Re: UDP wierdness around skb_copy_and_csum_datagram_msg()

All of lore.kernel.org
 help / color / mirror / Atom feed

From: Jay Smith <jay@kentik.com>
To: Christian Lamparter <chunkeey@googlemail.com>
Cc: Jay Smith <jay@kentik.com>, Alan Curry <rlwinm@sdf.org>,
	Eric Dumazet <eric.dumazet@gmail.com>,
	netdev@vger.kernel.org, Al Viro <viro@zeniv.linux.org.uk>,
	"davem\@davemloft.net" <davem@davemloft.net>
Subject: Re: UDP wierdness around skb_copy_and_csum_datagram_msg()
Date: Mon, 17 Oct 2016 10:10:34 -0700	[thread overview]
Message-ID: <87d1iyvr3p.fsf@kentik.com> (raw)
In-Reply-To: <2193954.GuvoBo3fQP@debian64>


Trying to revive this thread.

To review:  skb_copy_and_csum_datagram_msg() pretty clearly doesn't do
the right thing since it started using an iov_iter to copy into the
user's iovec.  In particular, if it encounters a datagram that fails the
checksum, the iov_iter continues to point to the end of the failed
datagram's data, and that data makes it out to user-space.
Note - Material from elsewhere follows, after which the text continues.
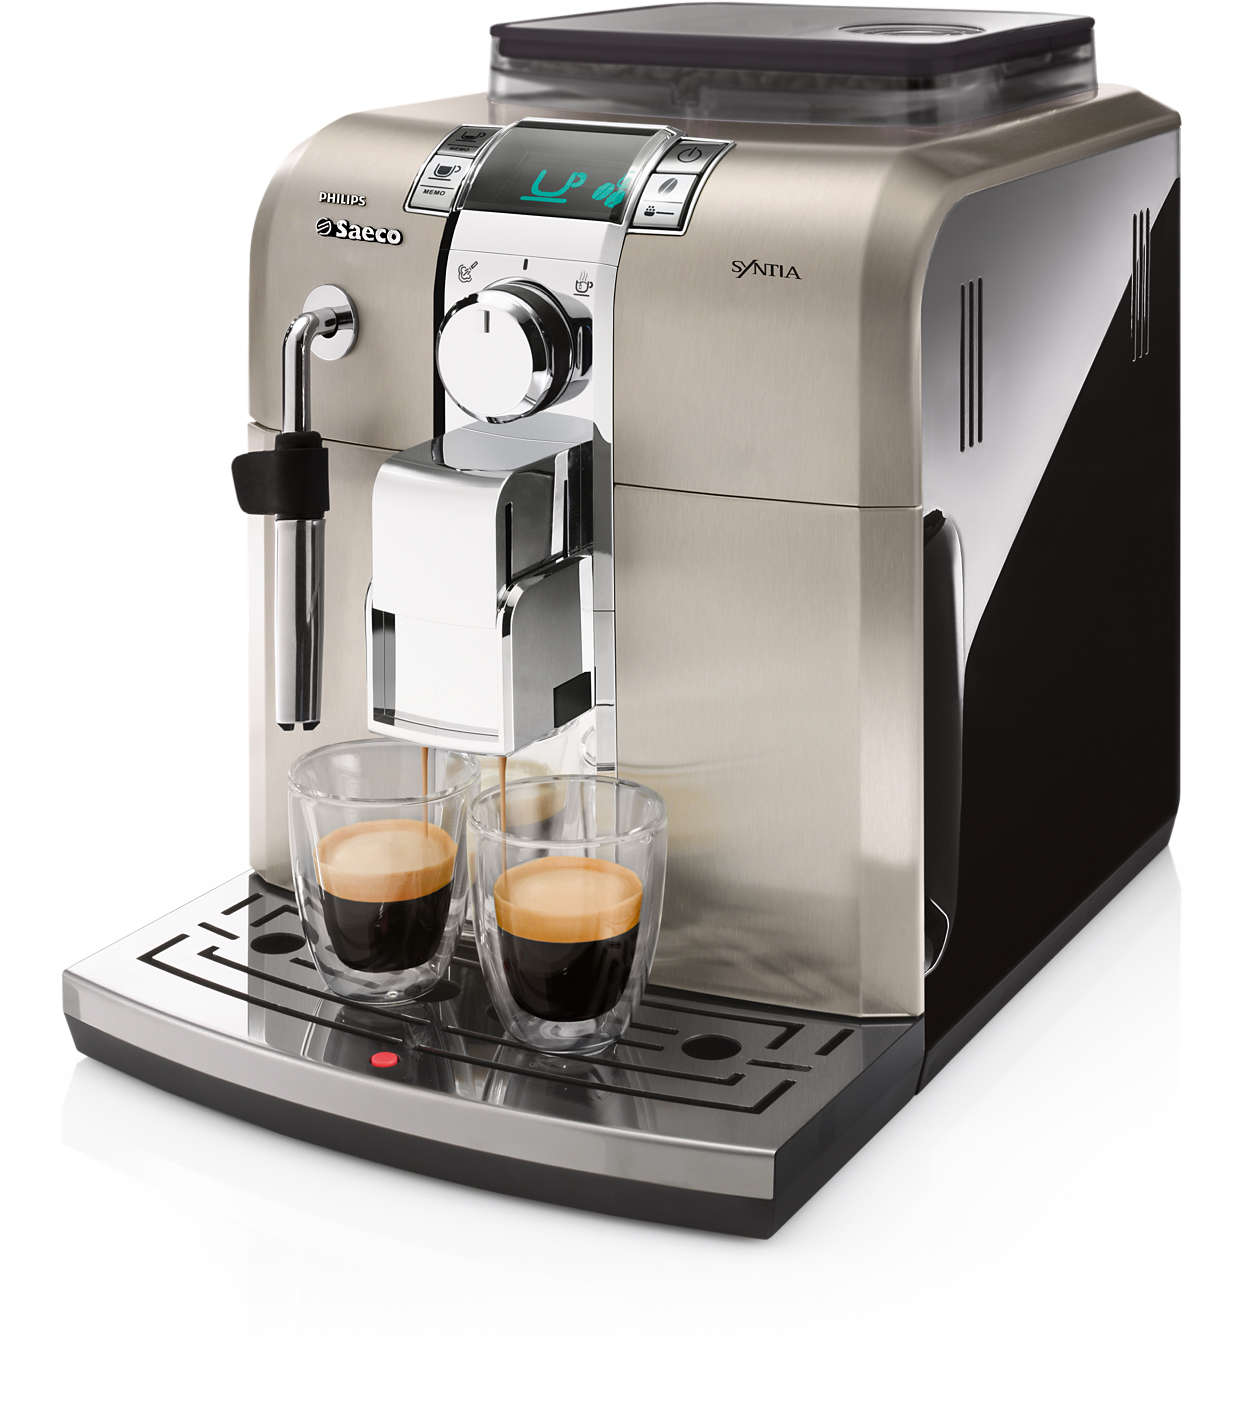 Le plaisir du café dans un style parfait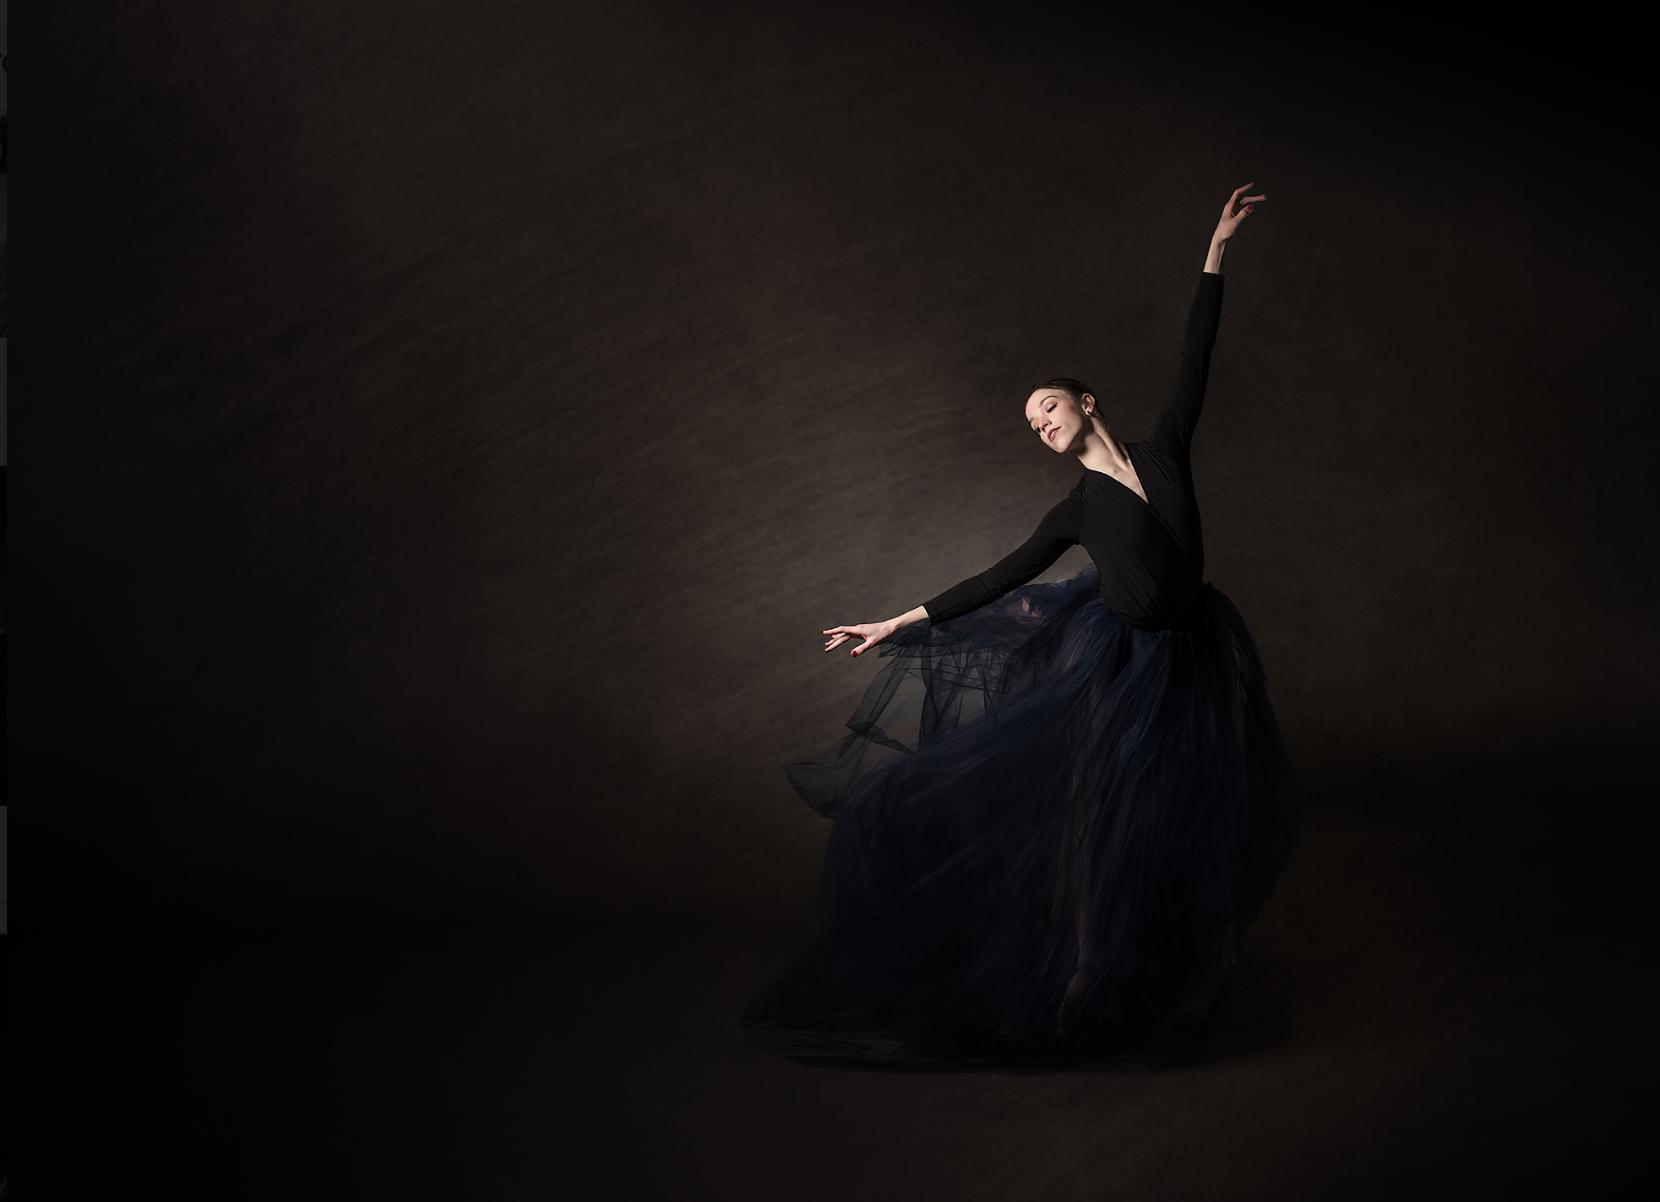 woman-black-dress-dancing-kate-luber-50mm-lens

I'd previously sent a test program that consistenly reproduced the UDP(v4)
symptoms of this problem [0].  I've now also taken Christian's netem
suggestion and written a quick program that sends known data over
loopback TCP from one thread and reads it from another.  It optionally
sets up a netem qdisc that corrupts 1% of packets.  As expected, even
with corruption, tcp delivers correct data to the user on pre-3.19
kernels; on 3.19 and later, long transfers usually see corruptions.
(Source for the TCP test program below.)

I've also tried both test programs with the following patch:

diff --git a/net/core/datagram.c b/net/core/datagram.c
index b7de71f..61da091 100644
--- a/net/core/datagram.c
+++ b/net/core/datagram.c
@@ -730,6 +730,7 @@ int skb_copy_and_csum_datagram_msg(struct sk_buff *skb,
 {
        __wsum csum;
        int chunk = skb->len - hlen;
+       struct iov_iter saved_iter;
 
        if (!chunk)
                return 0;
@@ -741,11 +742,16 @@ int skb_copy_and_csum_datagram_msg(struct sk_buff *skb,
                        goto fault;
        } else {
                csum = csum_partial(skb->data, hlen, skb->csum);
+
+               /* save msg_iter state, so we can revert if csum fails. */
+               saved_iter = msg->msg_iter;
                if (skb_copy_and_csum_datagram(skb, hlen, &msg->msg_iter,
                                               chunk, &csum))
                        goto fault;
-               if (csum_fold(csum))
+               if (csum_fold(csum)) {
+                       msg->msg_iter = saved_iter;
                        goto csum_error;
+               }
                if (unlikely(skb->ip_summed == CHECKSUM_COMPLETE))
                        netdev_rx_csum_fault(skb->dev);
        }


(This is essentially the same fix Alan previously sent [1], except that
it uses struct assignment rather than memcpy'ing the struct iov_iter.)
As expected, both UDP and TCP tests succeed under this fix.

So I've missed whatever conversations happened off-list after Alan's
original report.  But it appears to me that this patch completely
resolves the csum/iov_iter problem for both TCP and UDP; I'm not sure I
see what further problem we'd want to hold the fix off for?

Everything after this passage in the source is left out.